Start of Block

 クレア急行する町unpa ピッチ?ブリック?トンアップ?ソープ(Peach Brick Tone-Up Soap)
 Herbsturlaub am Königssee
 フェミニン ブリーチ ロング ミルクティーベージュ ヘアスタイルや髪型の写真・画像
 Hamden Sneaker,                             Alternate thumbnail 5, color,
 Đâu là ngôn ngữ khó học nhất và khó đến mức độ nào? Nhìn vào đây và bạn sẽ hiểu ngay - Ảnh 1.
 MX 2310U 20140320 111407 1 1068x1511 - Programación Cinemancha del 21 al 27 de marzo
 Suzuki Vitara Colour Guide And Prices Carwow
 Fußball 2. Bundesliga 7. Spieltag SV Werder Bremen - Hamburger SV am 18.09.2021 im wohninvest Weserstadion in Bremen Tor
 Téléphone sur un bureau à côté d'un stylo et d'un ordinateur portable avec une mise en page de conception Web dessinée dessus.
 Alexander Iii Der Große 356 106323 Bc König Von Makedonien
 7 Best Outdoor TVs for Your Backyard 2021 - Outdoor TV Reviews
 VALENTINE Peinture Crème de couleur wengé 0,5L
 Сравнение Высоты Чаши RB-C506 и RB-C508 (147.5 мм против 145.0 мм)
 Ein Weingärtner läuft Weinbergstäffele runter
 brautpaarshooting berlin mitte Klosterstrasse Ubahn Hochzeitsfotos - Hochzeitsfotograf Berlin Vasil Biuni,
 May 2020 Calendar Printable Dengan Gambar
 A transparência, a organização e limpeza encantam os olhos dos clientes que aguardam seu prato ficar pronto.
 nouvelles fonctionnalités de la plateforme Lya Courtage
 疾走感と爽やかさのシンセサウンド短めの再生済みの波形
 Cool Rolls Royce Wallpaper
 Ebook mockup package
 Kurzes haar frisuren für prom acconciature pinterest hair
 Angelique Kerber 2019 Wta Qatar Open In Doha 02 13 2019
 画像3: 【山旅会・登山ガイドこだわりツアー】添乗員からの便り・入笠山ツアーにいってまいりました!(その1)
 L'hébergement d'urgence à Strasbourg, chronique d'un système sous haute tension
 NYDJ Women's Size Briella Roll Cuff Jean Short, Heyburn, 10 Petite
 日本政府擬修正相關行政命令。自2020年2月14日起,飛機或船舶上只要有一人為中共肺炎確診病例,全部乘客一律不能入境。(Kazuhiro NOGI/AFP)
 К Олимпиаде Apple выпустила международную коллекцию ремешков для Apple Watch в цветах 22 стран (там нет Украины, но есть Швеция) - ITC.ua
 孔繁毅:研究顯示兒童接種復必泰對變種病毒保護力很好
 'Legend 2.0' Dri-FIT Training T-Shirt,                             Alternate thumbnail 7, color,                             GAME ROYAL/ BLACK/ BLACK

End of Block

- _The task_
May I have exactly the lines from the one containing "Fußball 2. Bundesliga" through the last line of the data, both included?

- _Task output_
 Fußball 2. Bundesliga 7. Spieltag SV Werder Bremen - Hamburger SV am 18.09.2021 im wohninvest Weserstadion in Bremen Tor
 Téléphone sur un bureau à côté d'un stylo et d'un ordinateur portable avec une mise en page de conception Web dessinée dessus.
 Alexander Iii Der Große 356 106323 Bc König Von Makedonien
 7 Best Outdoor TVs for Your Backyard 2021 - Outdoor TV Reviews
 VALENTINE Peinture Crème de couleur wengé 0,5L
 Сравнение Высоты Чаши RB-C506 и RB-C508 (147.5 мм против 145.0 мм)
 Ein Weingärtner läuft Weinbergstäffele runter
 brautpaarshooting berlin mitte Klosterstrasse Ubahn Hochzeitsfotos - Hochzeitsfotograf Berlin Vasil Biuni,
 May 2020 Calendar Printable Dengan Gambar
 A transparência, a organização e limpeza encantam os olhos dos clientes que aguardam seu prato ficar pronto.
 nouvelles fonctionnalités de la plateforme Lya Courtage
 疾走感と爽やかさのシンセサウンド短めの再生済みの波形
 Cool Rolls Royce Wallpaper
 Ebook mockup package
 Kurzes haar frisuren für prom acconciature pinterest hair
 Angelique Kerber 2019 Wta Qatar Open In Doha 02 13 2019
 画像3: 【山旅会・登山ガイドこだわりツアー】添乗員からの便り・入笠山ツアーにいってまいりました!(その1)
 L'hébergement d'urgence à Strasbourg, chronique d'un système sous haute tension
 NYDJ Women's Size Briella Roll Cuff Jean Short, Heyburn, 10 Petite
 日本政府擬修正相關行政命令。自2020年2月14日起,飛機或船舶上只要有一人為中共肺炎確診病例,全部乘客一律不能入境。(Kazuhiro NOGI/AFP)
 К Олимпиаде Apple выпустила международную коллекцию ремешков для Apple Watch в цветах 22 стран (там нет Украины, но есть Швеция) - ITC.ua
 孔繁毅:研究顯示兒童接種復必泰對變種病毒保護力很好
 'Legend 2.0' Dri-FIT Training T-Shirt,                             Alternate thumbnail 7, color,                             GAME ROYAL/ BLACK/ BLACK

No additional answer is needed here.